VQA$^2$:Visual Question Answering for Video Quality Assessment

The advent and proliferation of large multi-modal models (LMMs) have introduced a new paradigm to video-related computer vision fields, including training and inference methods based on visual question answering (VQA). These methods enable models to handle multiple downstream tasks robustly. Video Quality Assessment (VQA), a classic field in low-level visual quality evaluation, originally focused on quantitative video quality scoring. However, driven by advances in LMMs, it is now evolving towards more comprehensive visual quality understanding tasks. Visual question answering has significantly improved low-level visual evaluation within the image domain recently. However, related work is almost nonexistent in the video domain, leaving substantial room for improvement. To address this gap, we introduce the VQA2 Instruction Dataset the first visual question answering instruction dataset entirely focuses on video quality assessment, and based on it, we propose the VQA2 series models The VQA2 Instruction Dataset consists of three stages and covers various video types, containing 157,735 instruction question-answer pairs, including both manually annotated and synthetic data. We conduct extensive experiments on both video quality scoring and video quality understanding tasks. Results demonstrate that the VQA2 series models achieve state-of-the-art (SOTA) performance in quality scoring tasks, and their performance in visual quality question answering surpasses the renowned GPT-4o. Additionally, our final model, the VQA2-Assistant, performs well across both scoring and question-answering tasks, validating its versatility.

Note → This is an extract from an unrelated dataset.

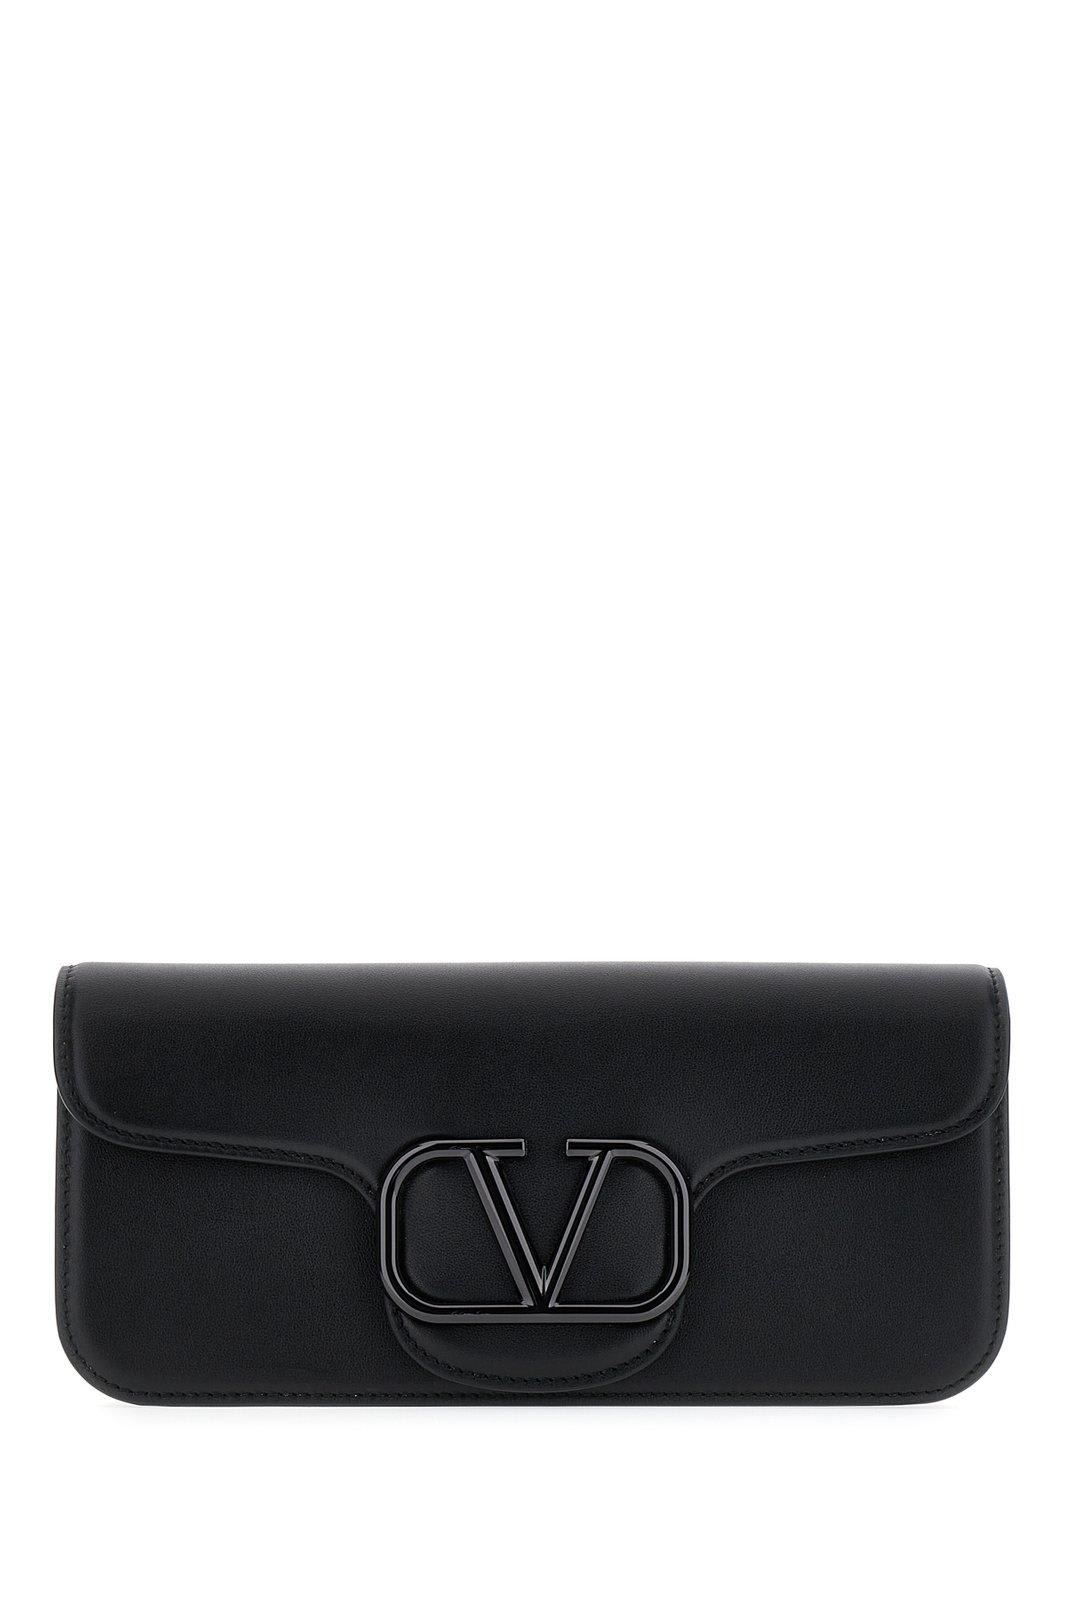 Valentino Garavani Vlogo Plaque Strapped Shoulder Bag In Black
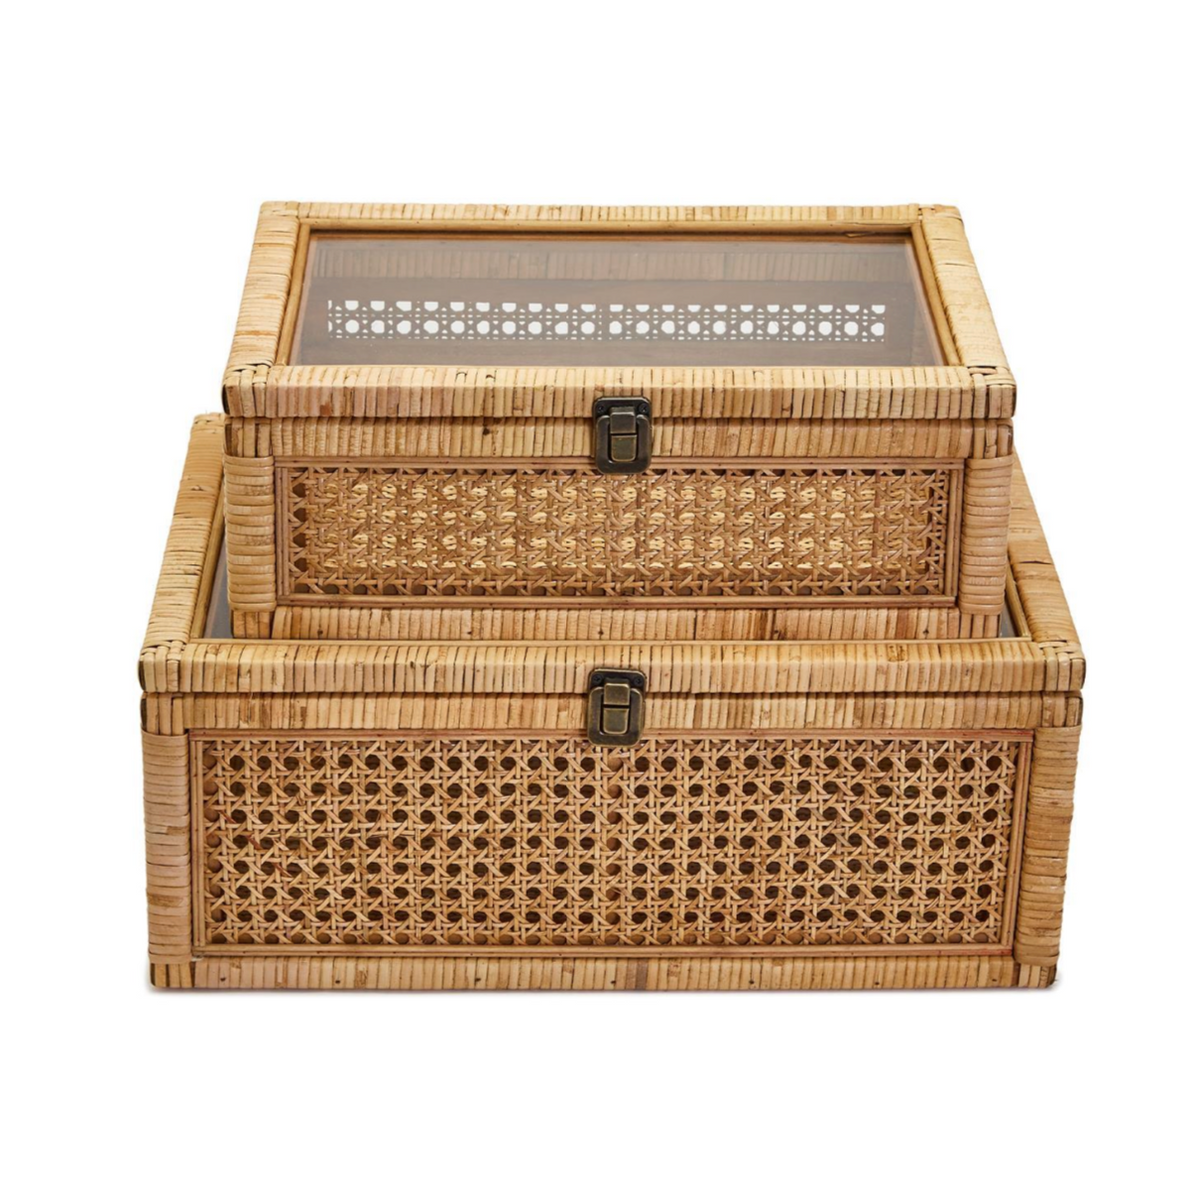 Rattan Decorative Storage Box

翻译：大型多模态模型（LMMs）的出现和普及为视频相关的计算机视觉领域引入了新的范式，包括基于视觉问答（VQA）的训练与推理方法。这些方法使模型能够稳健地处理多个下游任务。视频质量评估（VQA）作为低层次视觉质量评估的经典领域，最初专注于定量的视频质量评分。然而，在LMMs进步的推动下，该领域正朝着更全面的视觉质量理解任务演进。近期，视觉问答在图像域内显著提升了低层次视觉评估的水平。然而，在视频域内相关研究几乎空白，存在巨大的改进空间。为填补这一空白，我们引入了VQA2指令数据集——首个完全专注于视频质量评估的视觉问答指令数据集，并基于此提出了VQA2系列模型。VQA2指令数据集包含三个阶段，涵盖多种视频类型，共包含157,735个指令问答对，其中既有人工标注数据，也有合成数据。我们在视频质量评分和视频质量理解任务上进行了广泛的实验。结果表明，VQA2系列模型在质量评分任务中达到了最先进的（SOTA）性能，其在视觉质量问答方面的表现超越了知名的GPT-4o。此外，我们的最终模型VQA2-Assistant在评分和问答任务上均表现优异，验证了其多功能性。